Modernize Galaxy Tool Search function
Galaxy's search function is based on Whoosh, which is unmaintained. Bioblend currently doesnt use any intelligent search feature (probably for performance reasons) Performance and usability issues in the frontend as well as backend implementation. This PR is seeking to modernise galaxy's tool search infrastructure in preparation for its use inside the MCP.
Current list of identified issues and their implementation status [x] replace whoosh with pytantivy which is maintained and unlike Lucene doesn't pull jvm into the dependencies [ ] re-jig frontend to generate pytantivy search queries [ ] advanced search frontend currently places a lot of load on the server -> performance test [ ] current index generation creates one document per tool_id move towards aggregating by tool with changes (yields a 300% decrease in search index) [ ] cache text search indices for consumption by the frontend [ ] re-write the fast frontend search to use a full text library - stream in cache search index then switch over to complete online full text search (if possible)
How to test the changes?
(Select all options that apply)
- [ ] I've included appropriate automated tests.

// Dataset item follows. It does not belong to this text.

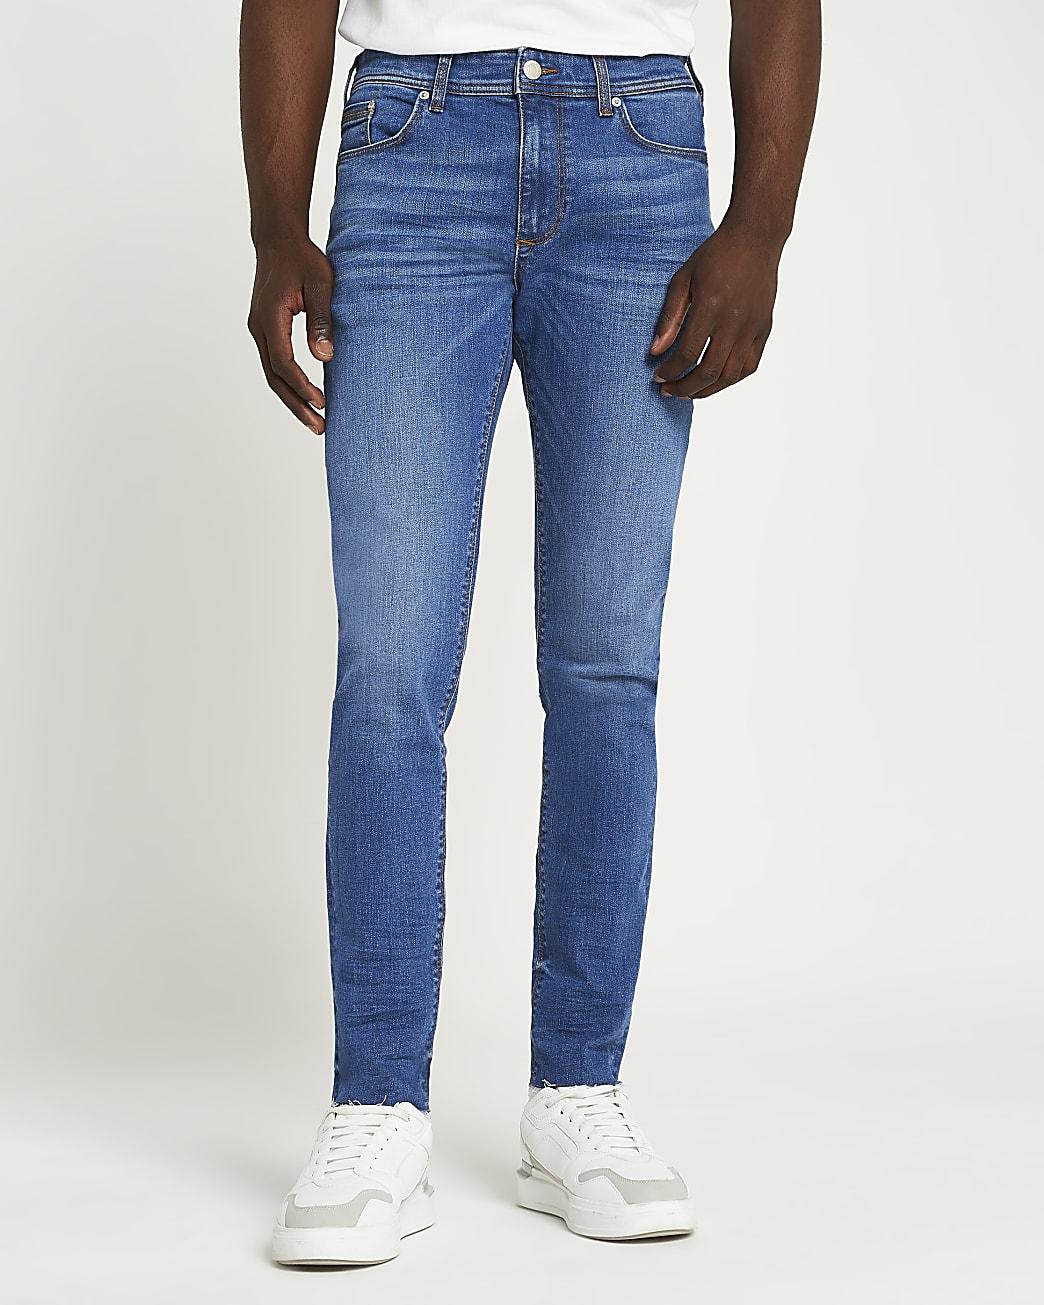 Blue skinny fit raw hem jeans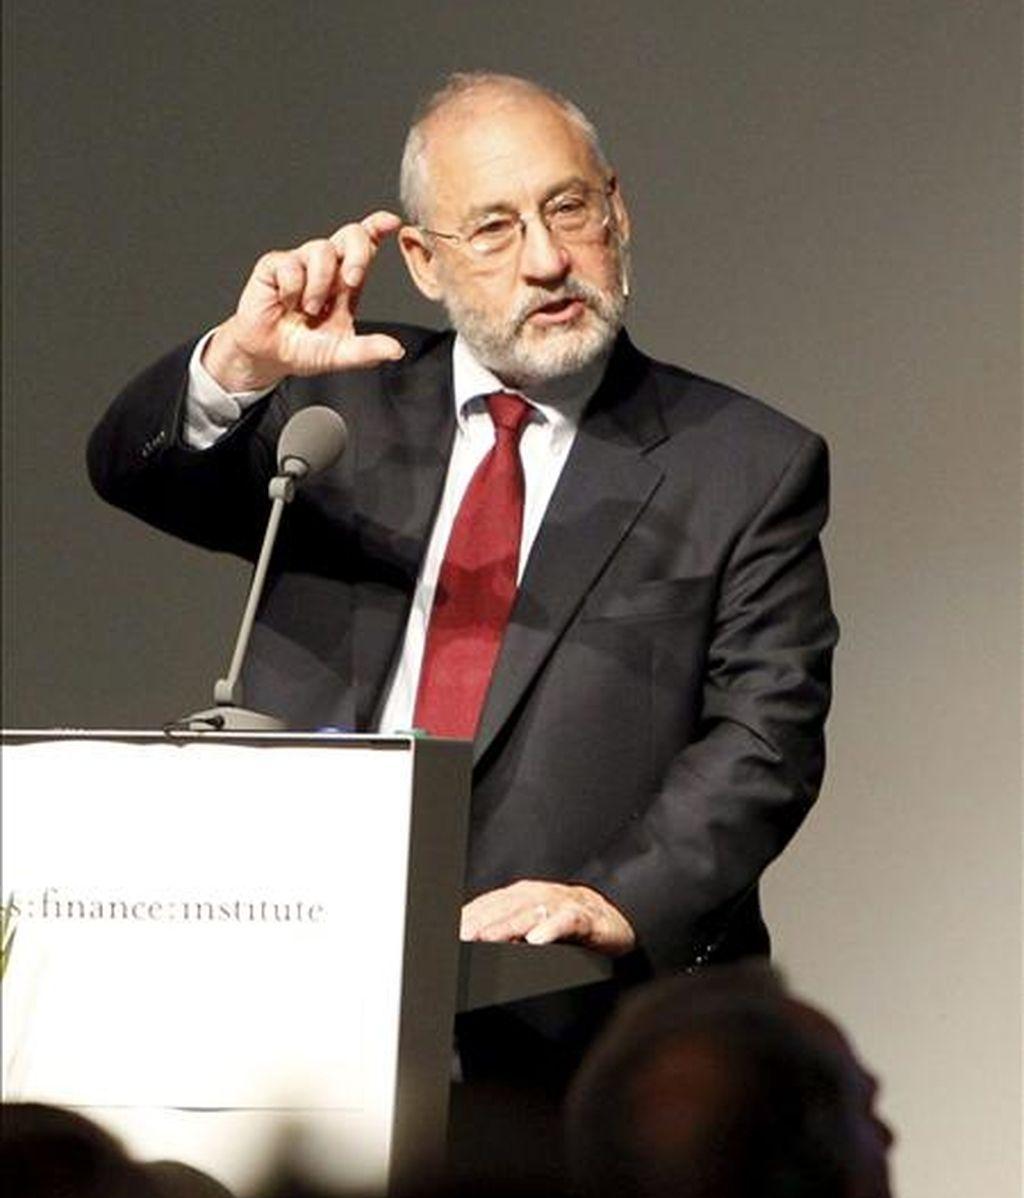 Estados Unidos y Europa viven un proceso similar al que Japón afrontó hace algunos años, pero acentuado debido al alto desempleo, precisó Stiglitz al intervenir en un seminario organizado por el chileno Banco de Crédito e Inversiones. EFE/Archivo

- [ ] This is a refactoring of components with existing test coverage.
- [ ] Instructions for manual testing are as follows:
- [add testing steps and prerequisites here if you didn't write automated tests covering all your changes]
License
- [x] I agree to license these and all my past contributions to the core galaxy codebase under the MIT license.
Thank you for working on this! Should be very cool!
Some future plans in the comment here: https://github.com/galaxyproject/galaxy/pull/20747#issuecomment-3214837773 that could be relevant?